[Work item]:
Repeat exactly the stretch of lines that starts with the one containing "Ireland's Kevin Maggs" and ends with the last line of the material. Leave out pictures.

[Recorded information]:
Content starts

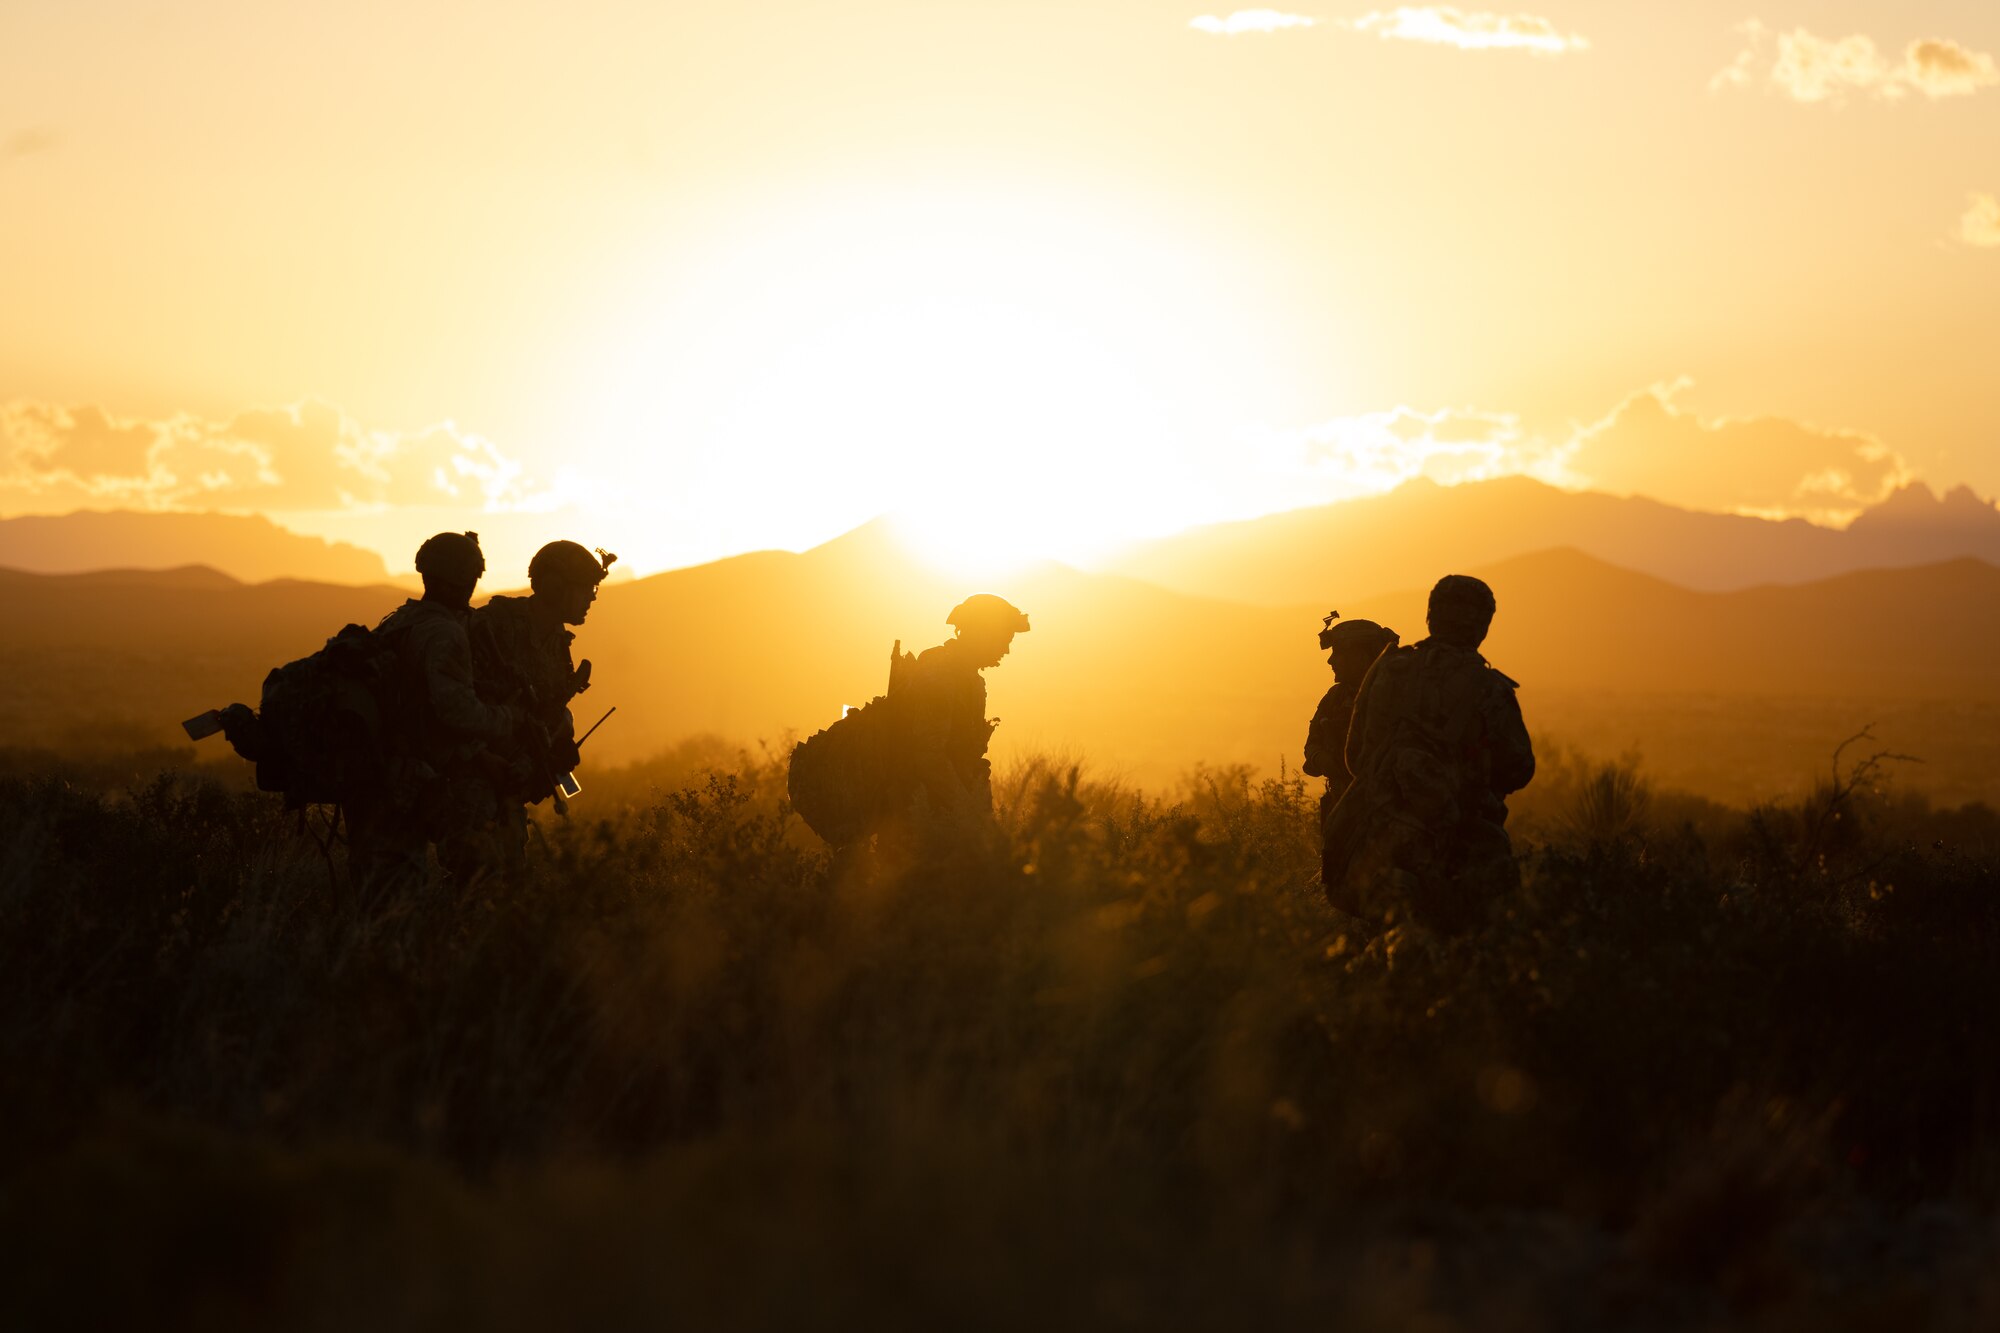 Security forces Airmen operate in the desert at sunset
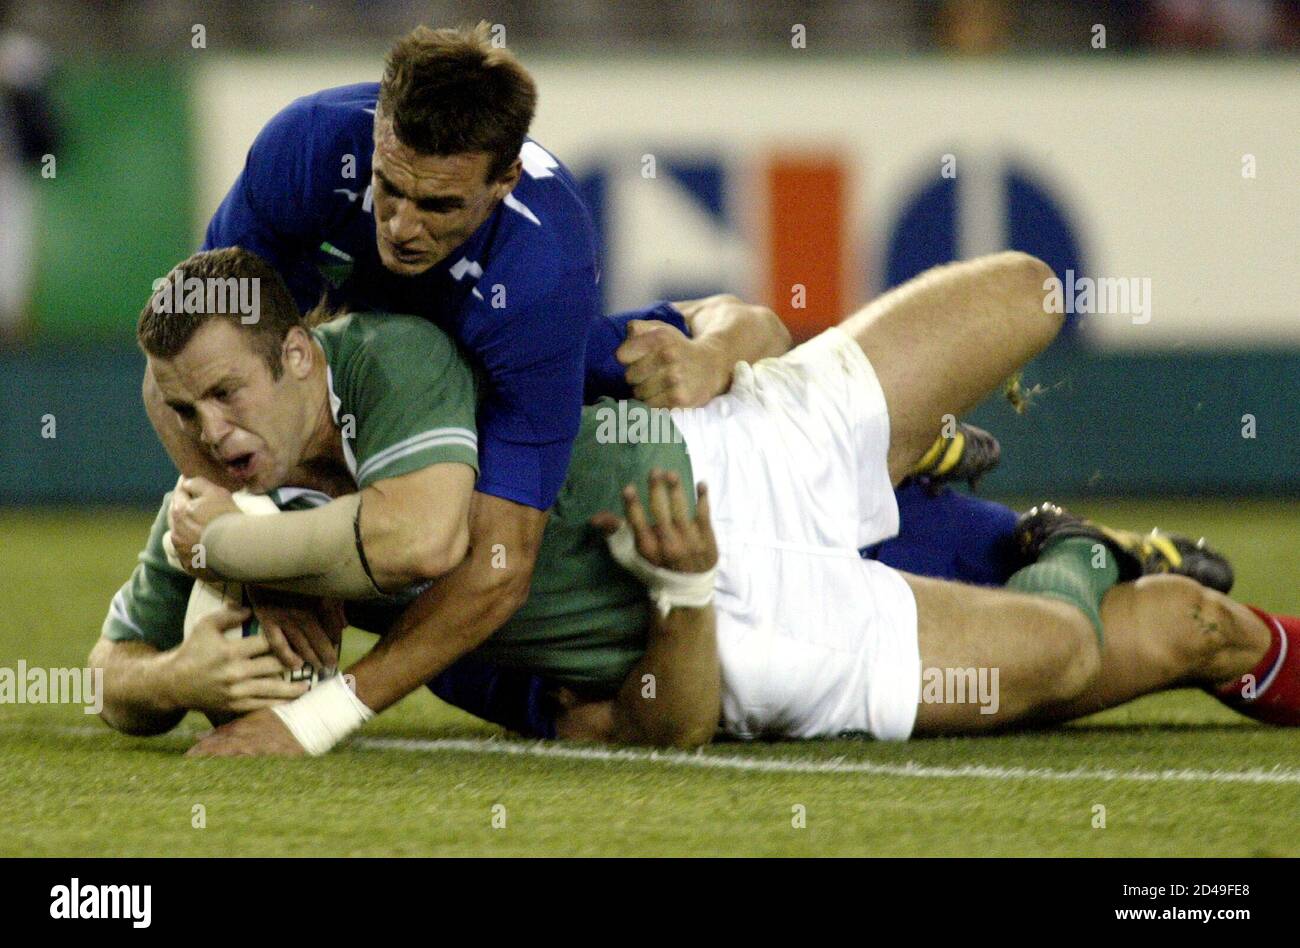 Ireland's Kevin Maggs breaks past the tackle of France's Nicolas Brusque to score during their 2003 Rugby World Cup Pool quarterfinal match at the Docklands Stadium in Melbourne, November 9, 2003. Stock Photo
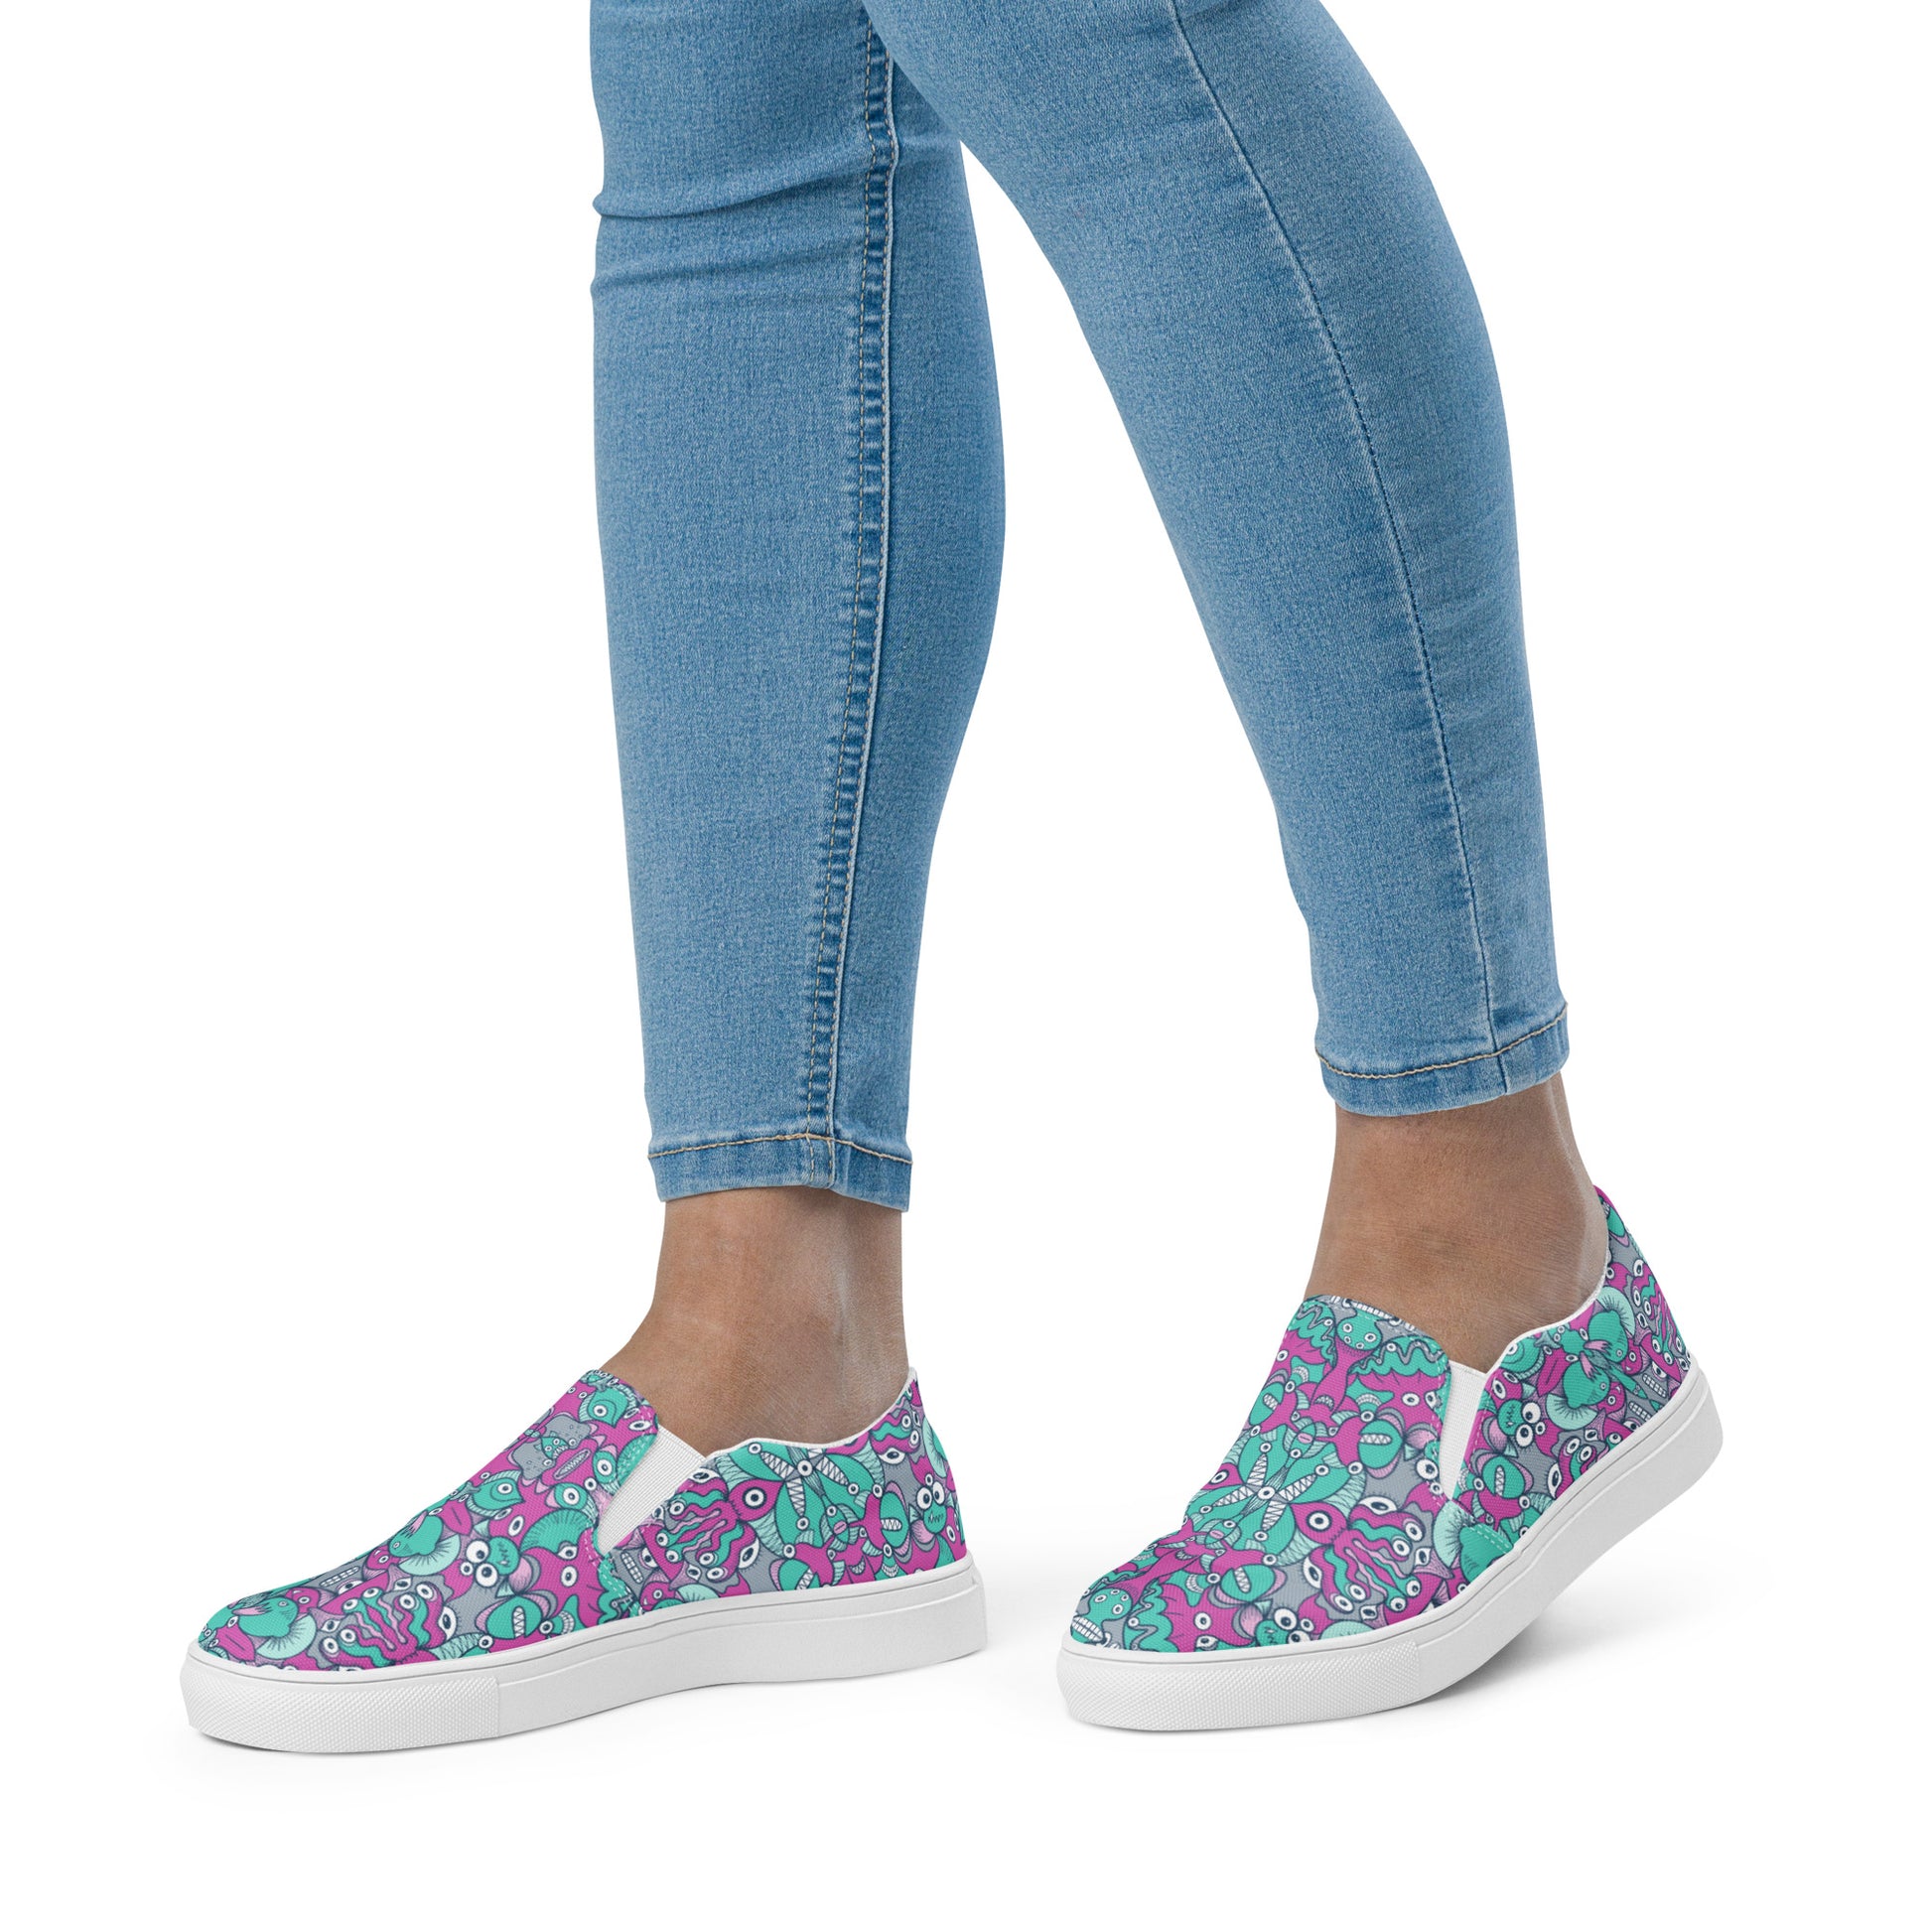 Sea creatures from an alien world Women’s slip-on canvas shoes. Lifestyle

Content ends

[Expected answer]:
 Ireland's Kevin Maggs breaks past the tackle of France's Nicolas Brusque to score during their 2003 Rugby World Cup Pool quarterfinal match at the Docklands Stadium in Melbourne, November 9, 2003. Stock Photo
 Sea creatures from an alien world Women’s slip-on canvas shoes. Lifestyle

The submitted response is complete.